Instructions to follow: Retype all of the listing exactly, with no pictures.

START Dataset section

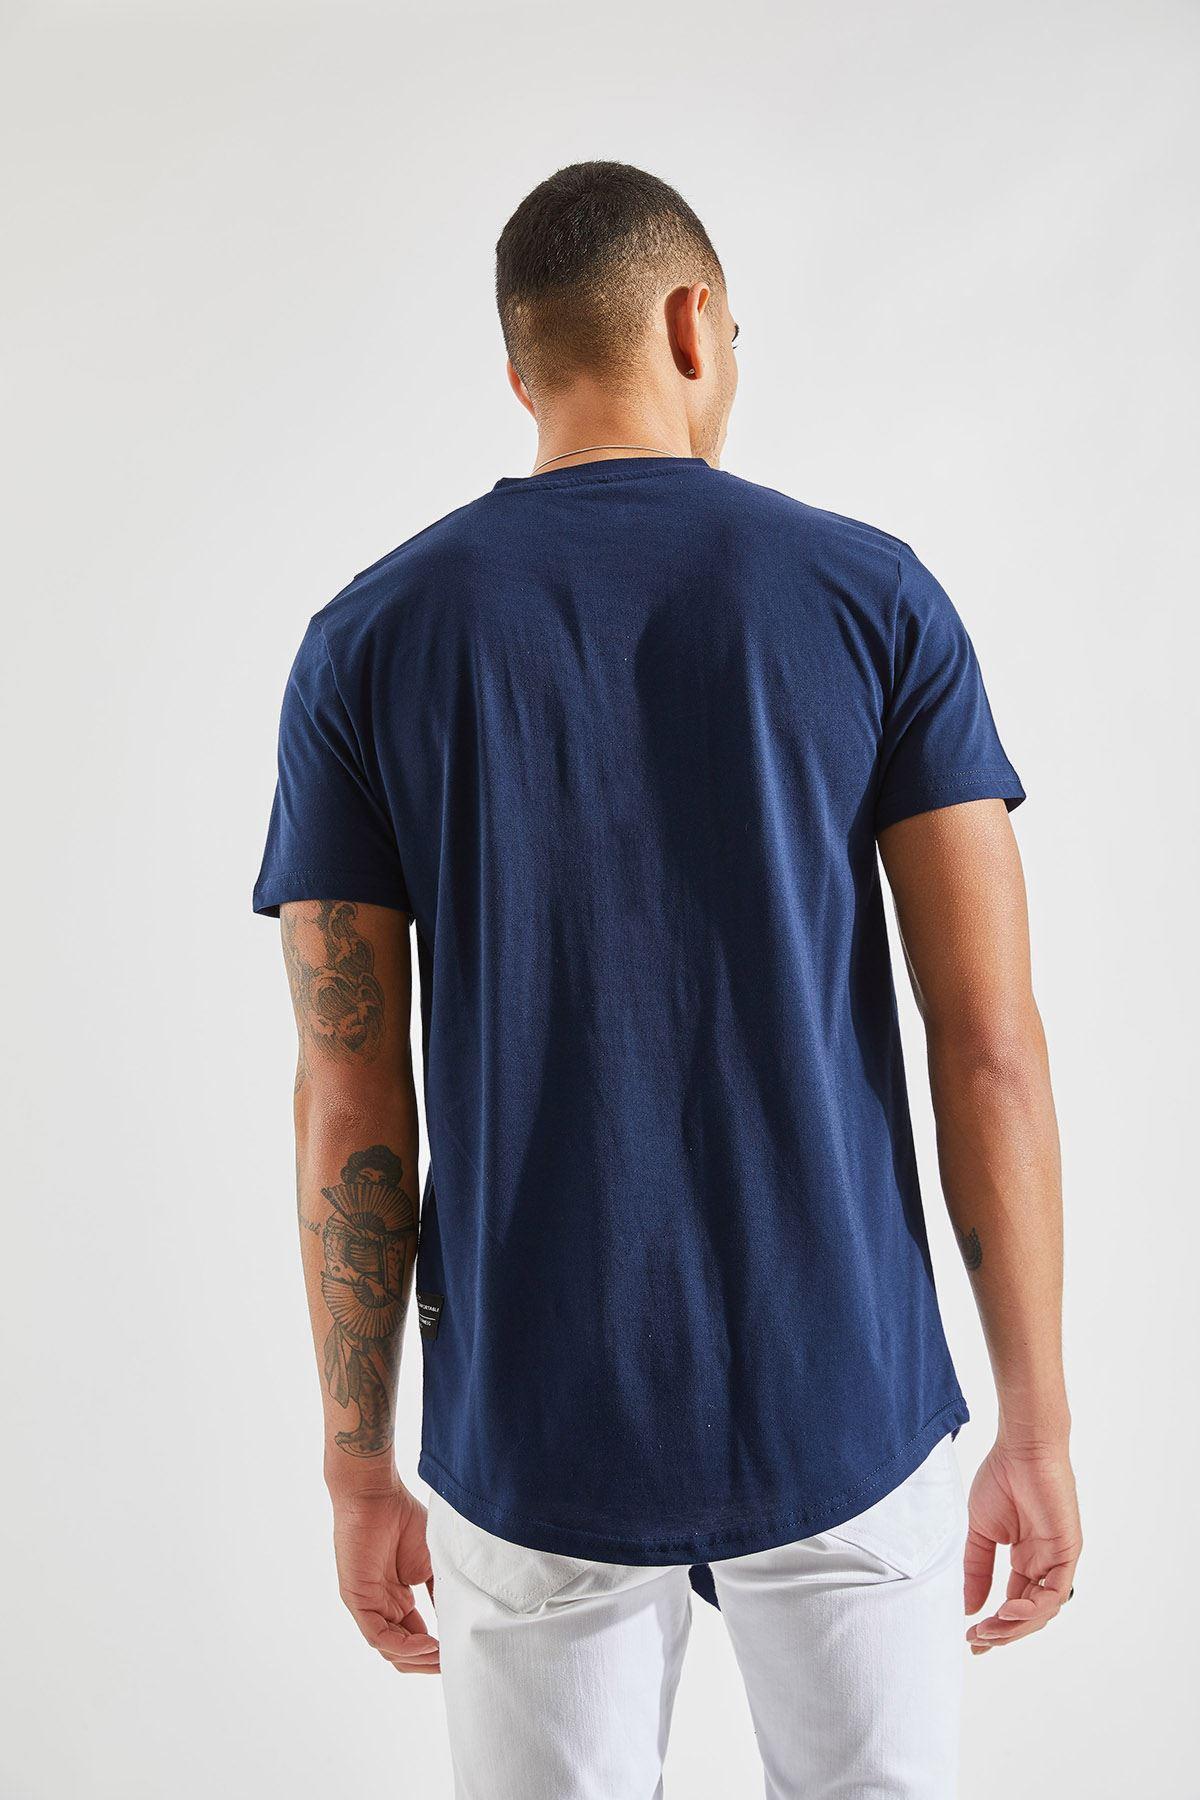 Erkek Önü Parçalı Asimetrik Kesim Lacivert Tişört
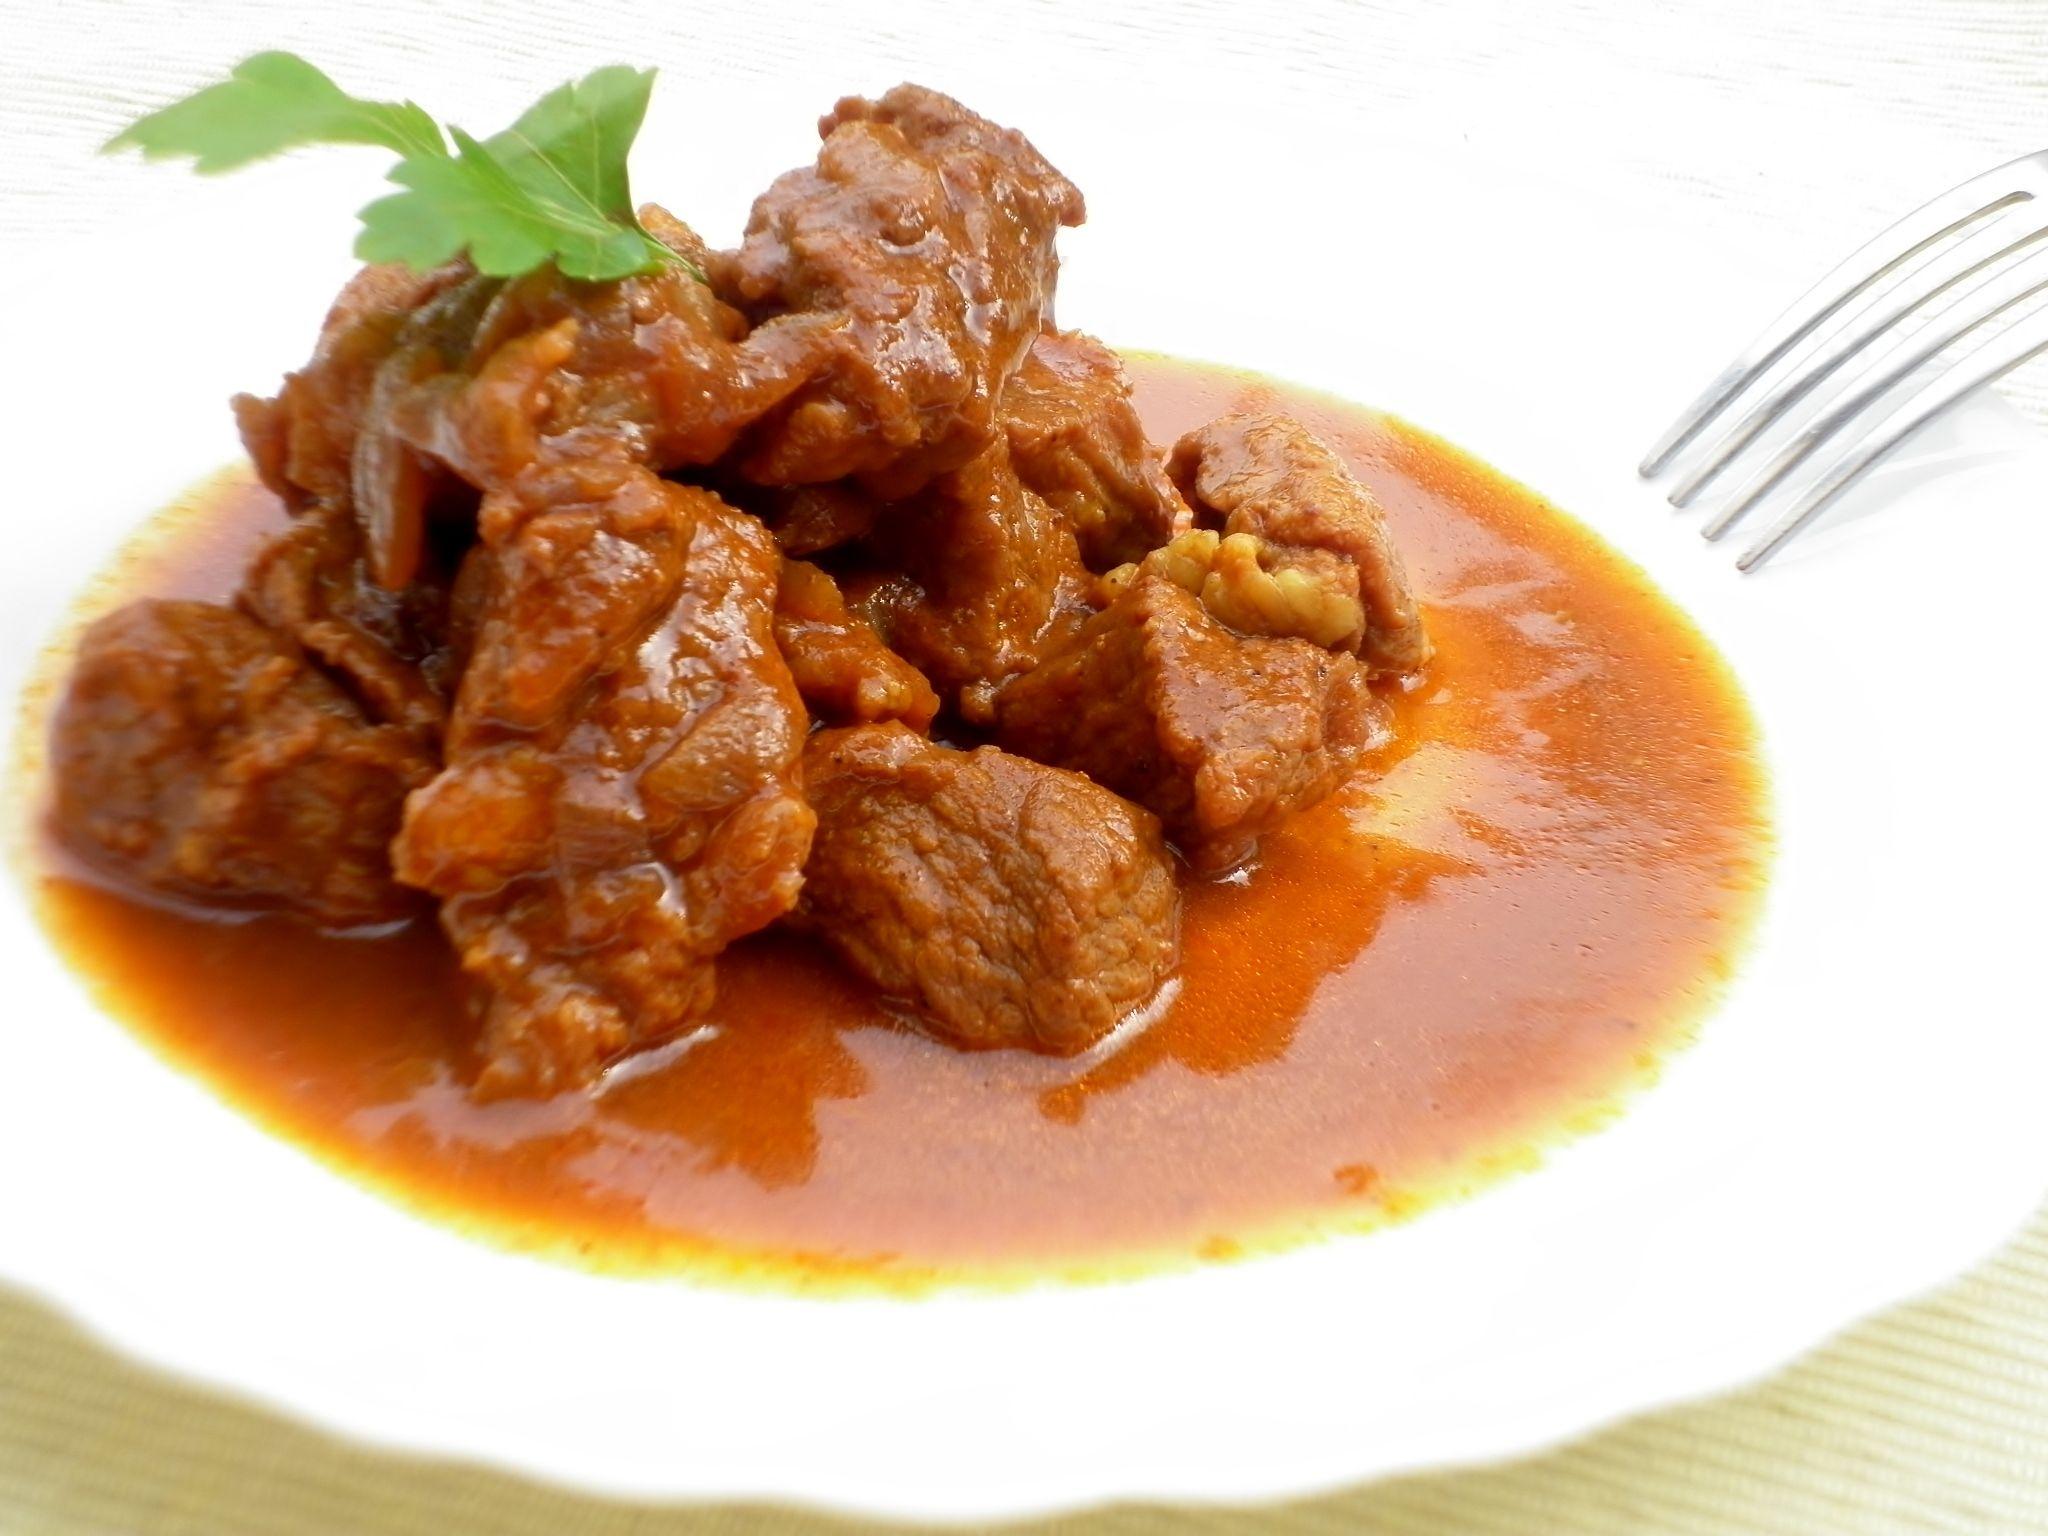 Ricetta dello spezzatino di vitello con cipolle alla paprika un secondo piatto semplice e gustoso
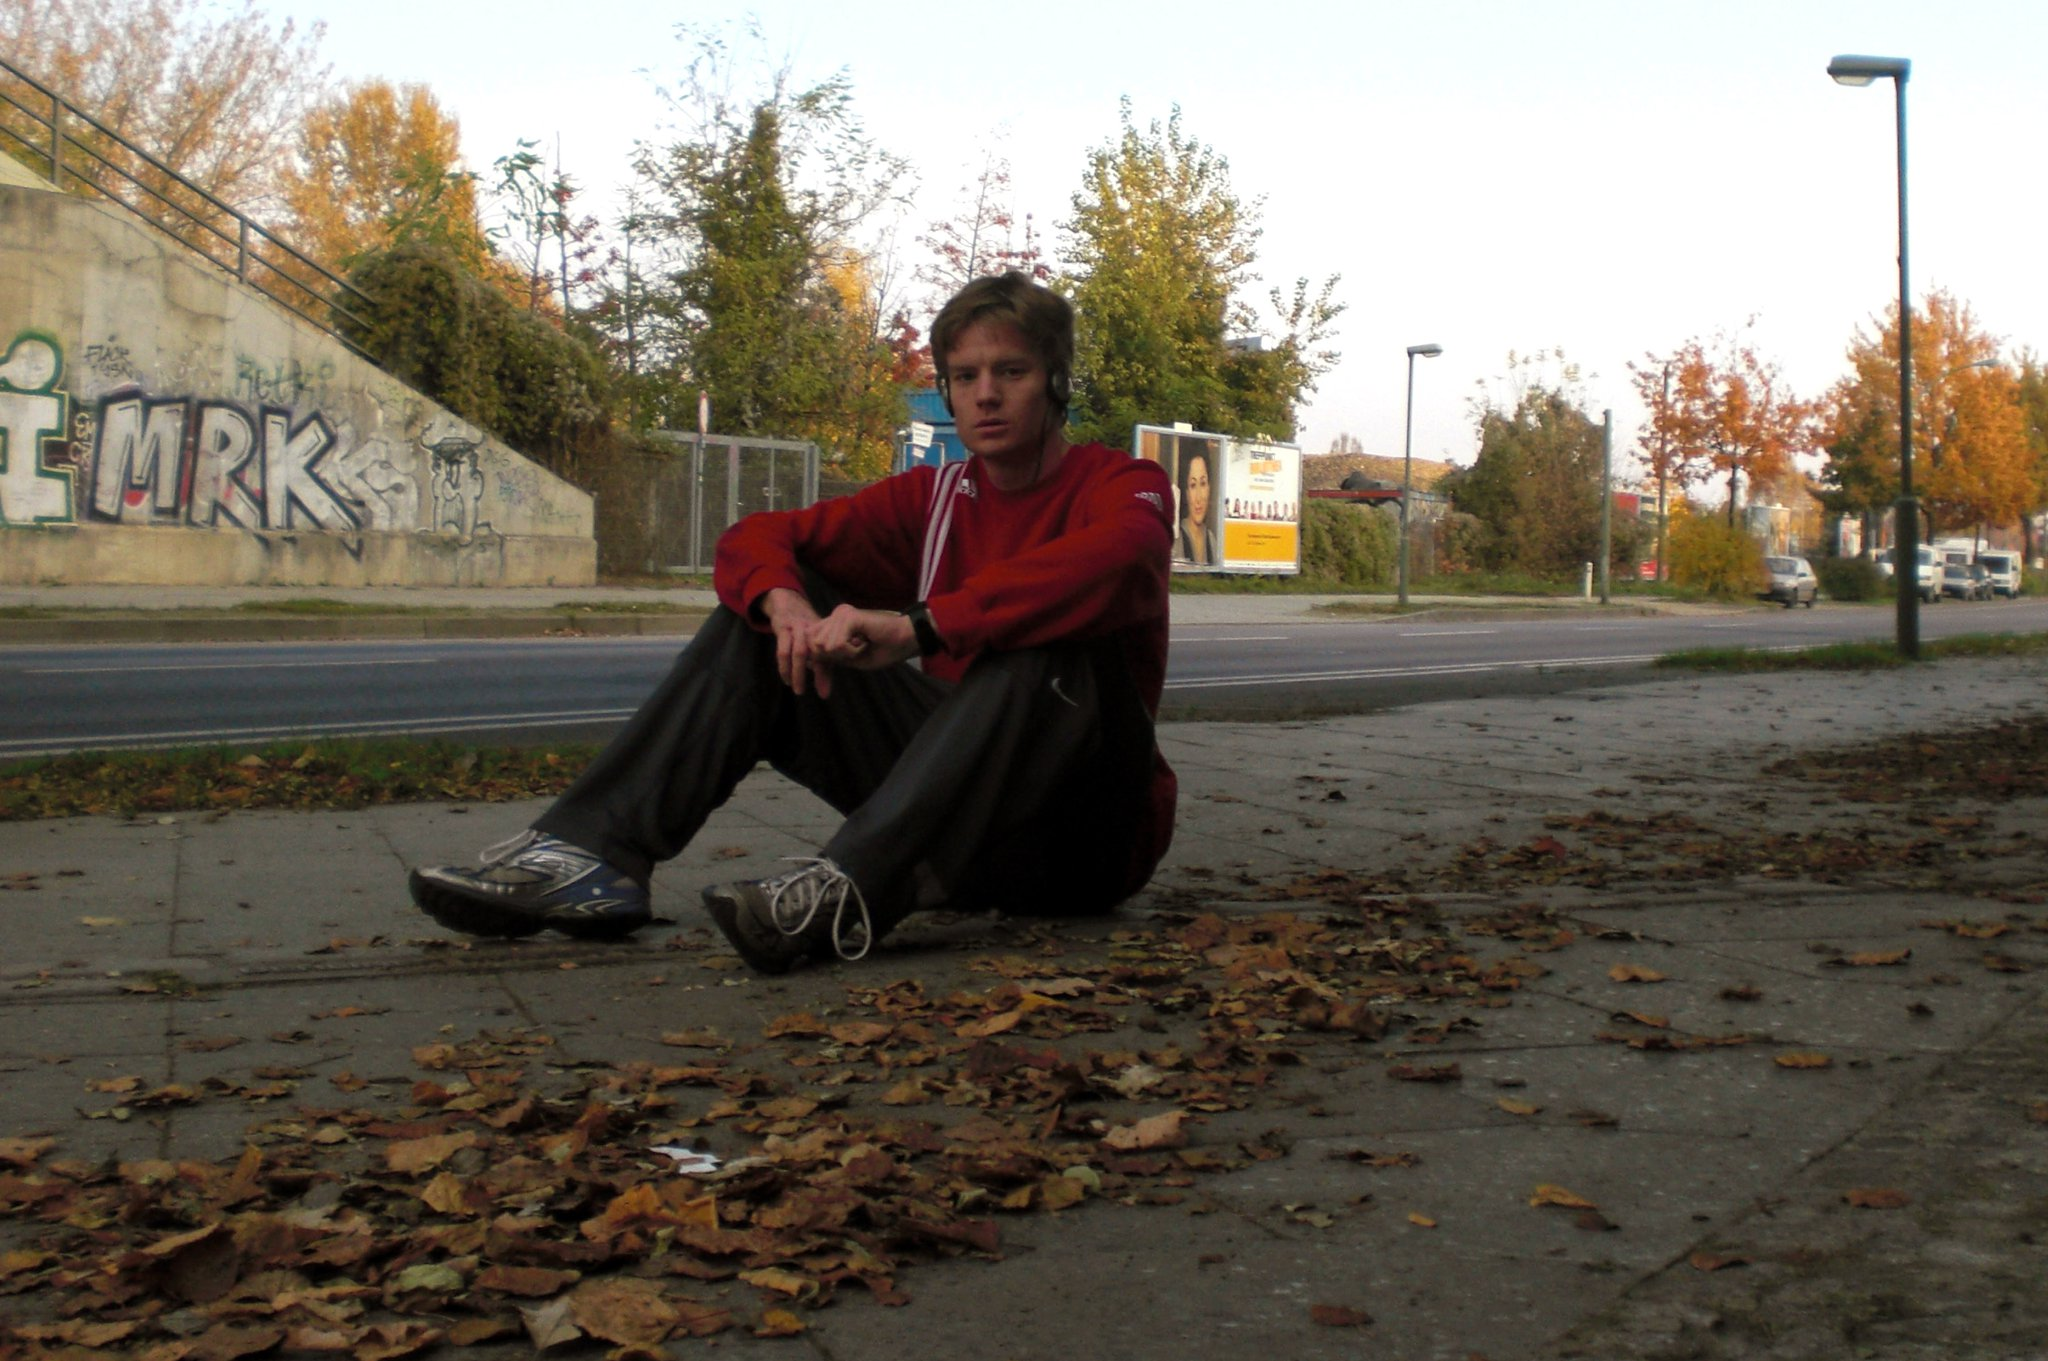 Wo ich auf diesem Bild von 2010 sitze, stand mal die Berliner Mauer.  Sie wurde (von der DDR) errichtet, um Menschen davon abzuhalten, in die Bundesrepublik Deutschland zu flüchten.

END Dataset section

Worked solution:
 Erkek Önü Parçalı Asimetrik Kesim Lacivert Tişört
 Ricetta dello spezzatino di vitello con cipolle alla paprika un secondo piatto semplice e gustoso
 Wo ich auf diesem Bild von 2010 sitze, stand mal die Berliner Mauer.  Sie wurde (von der DDR) errichtet, um Menschen davon abzuhalten, in die Bundesrepublik Deutschland zu flüchten.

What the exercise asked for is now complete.